■ RECORDS FOR THE EXERCISE

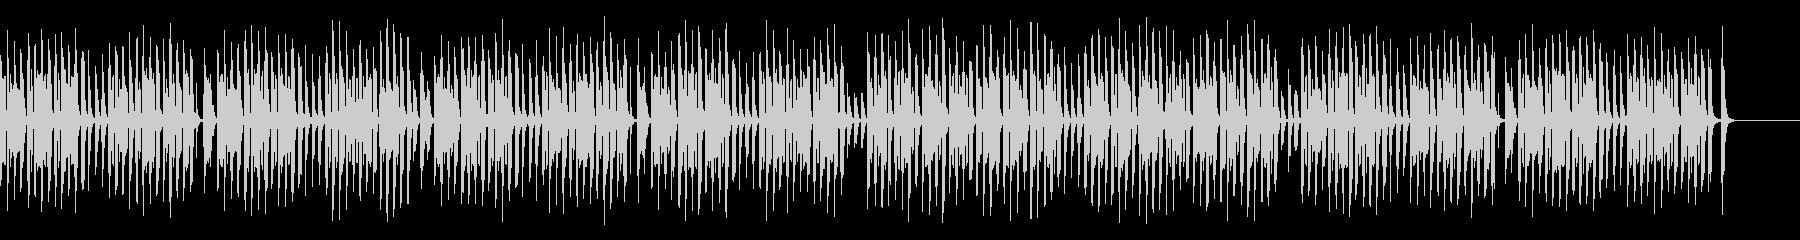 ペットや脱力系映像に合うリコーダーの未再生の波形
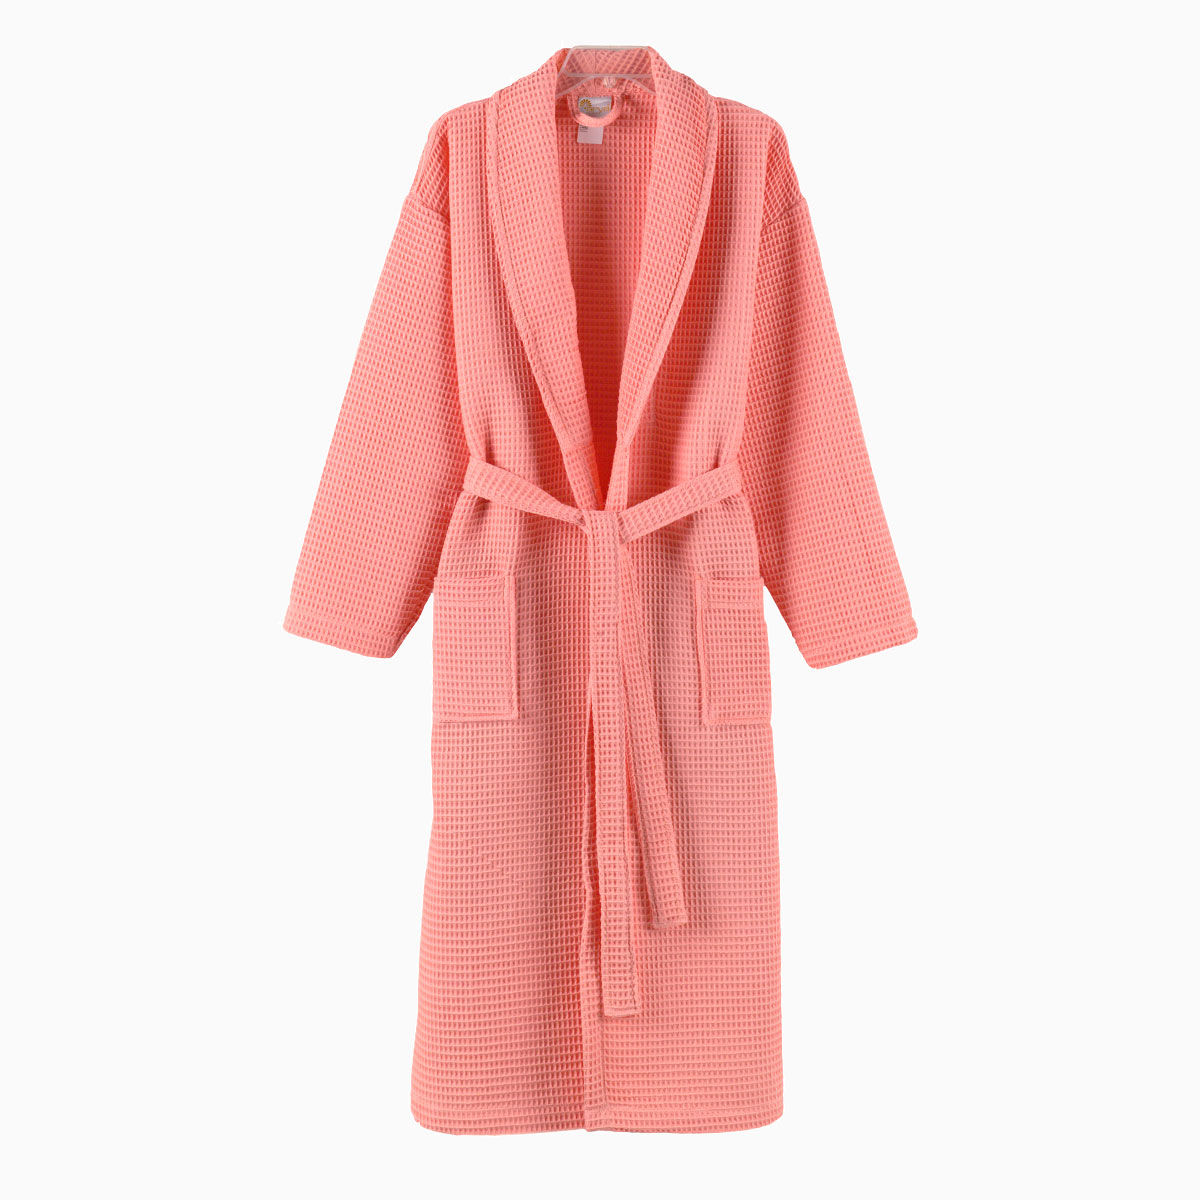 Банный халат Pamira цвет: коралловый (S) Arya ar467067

---

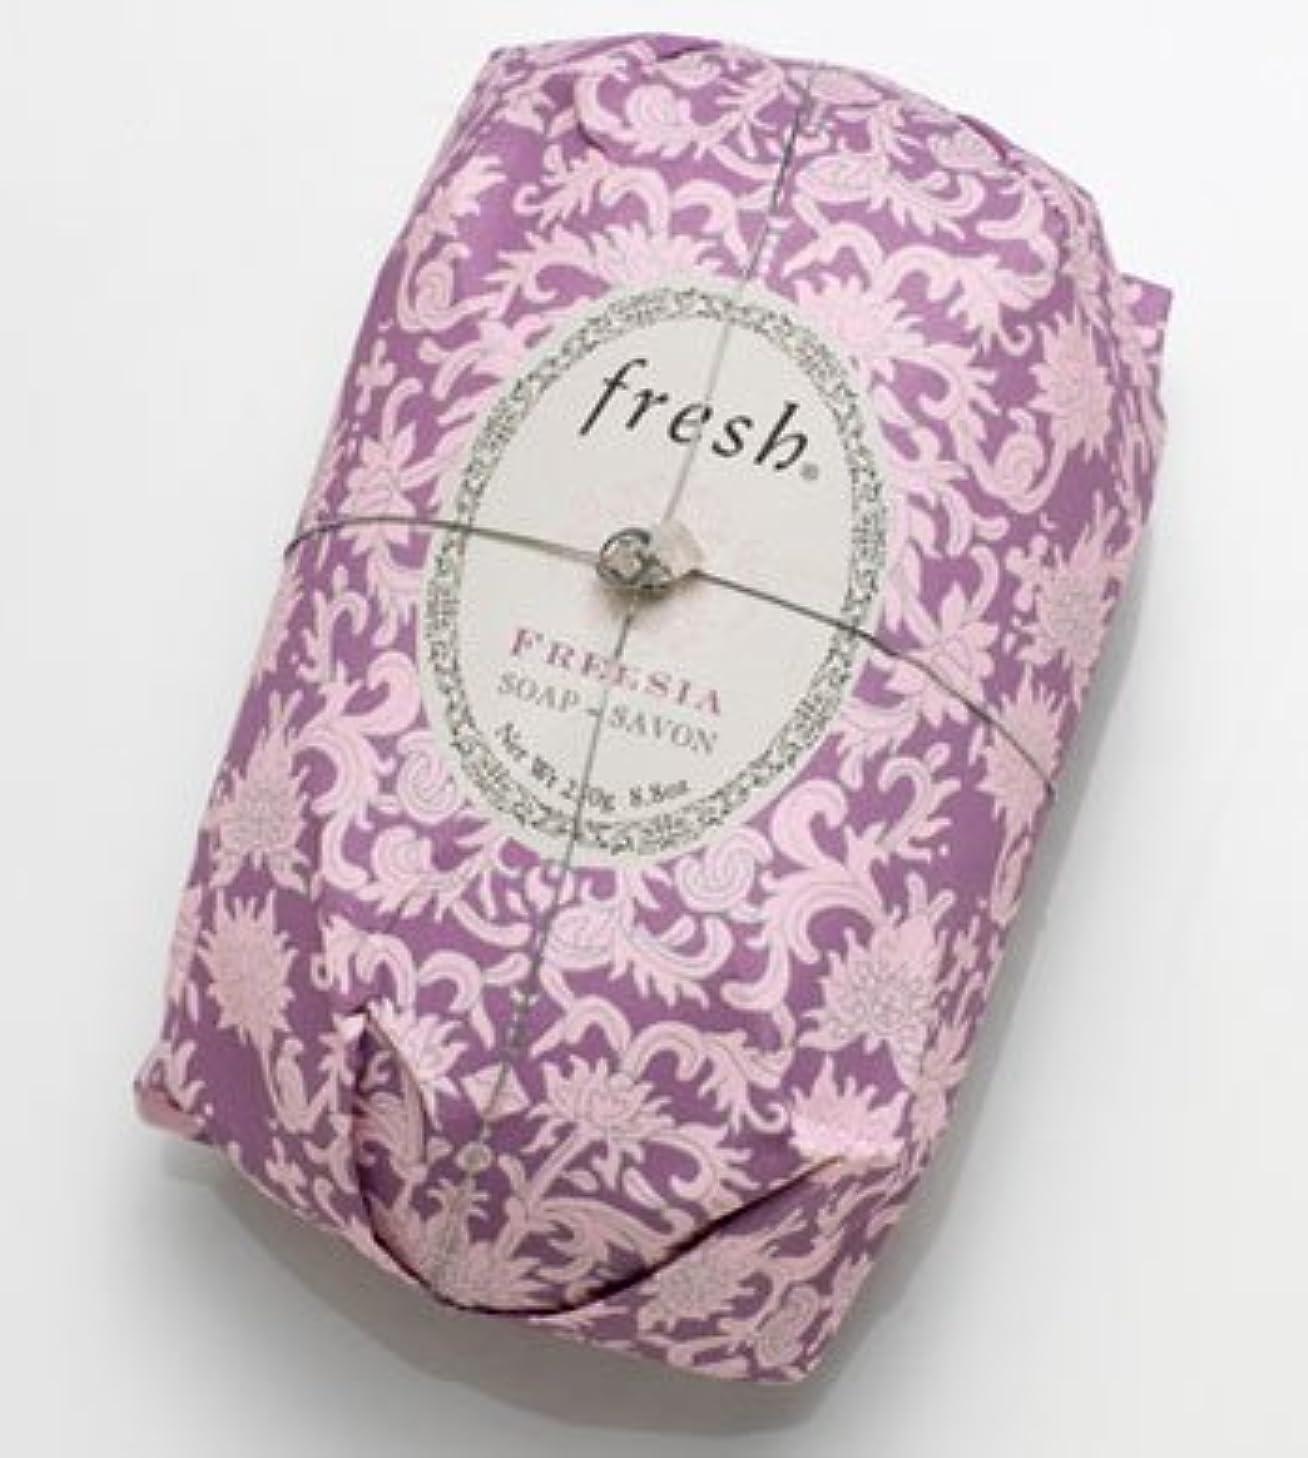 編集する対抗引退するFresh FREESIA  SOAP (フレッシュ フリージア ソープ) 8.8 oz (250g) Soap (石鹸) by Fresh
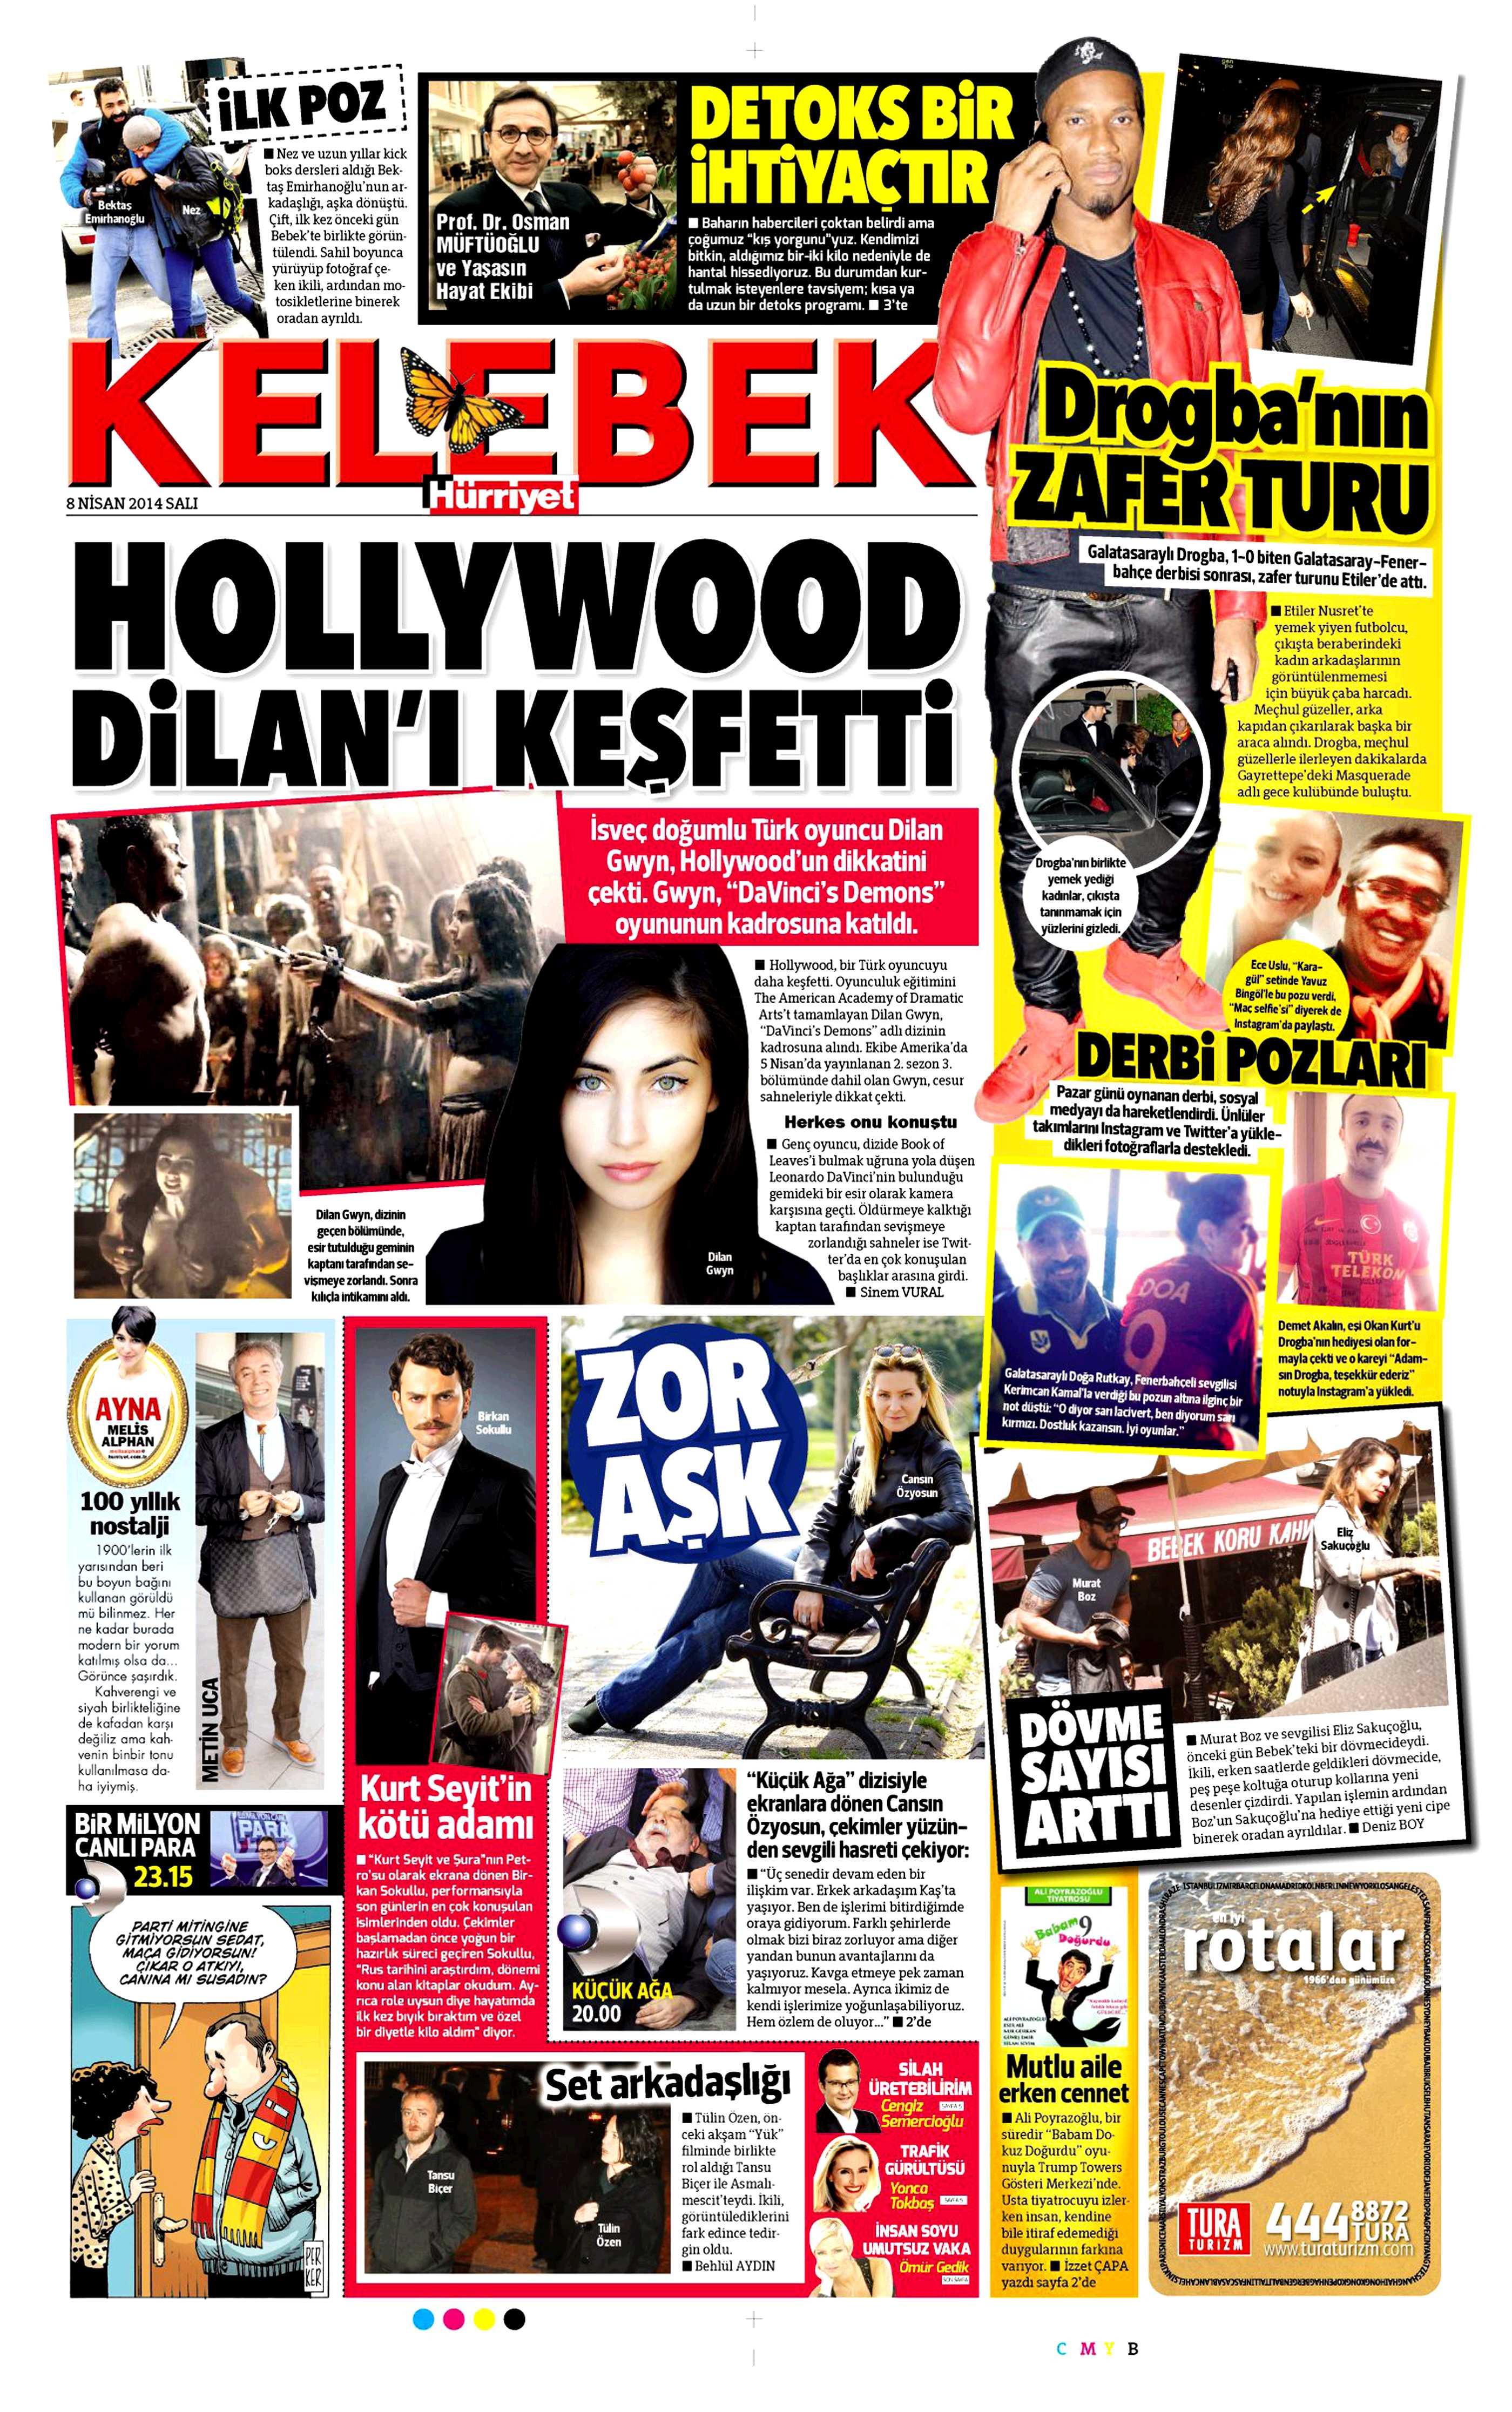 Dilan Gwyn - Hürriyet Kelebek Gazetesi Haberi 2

■ PROMPT
Return, exactly as they stand, the lines above from the one with "ペットや脱力系映像に合うリコーダーの未再生の波形" to the one with "Банный халат Pamira", omitting any pictures among them.

■ WRITTEN SOLUTION
 ペットや脱力系映像に合うリコーダーの未再生の波形
 Банный халат Pamira цвет: коралловый (S) Arya ar467067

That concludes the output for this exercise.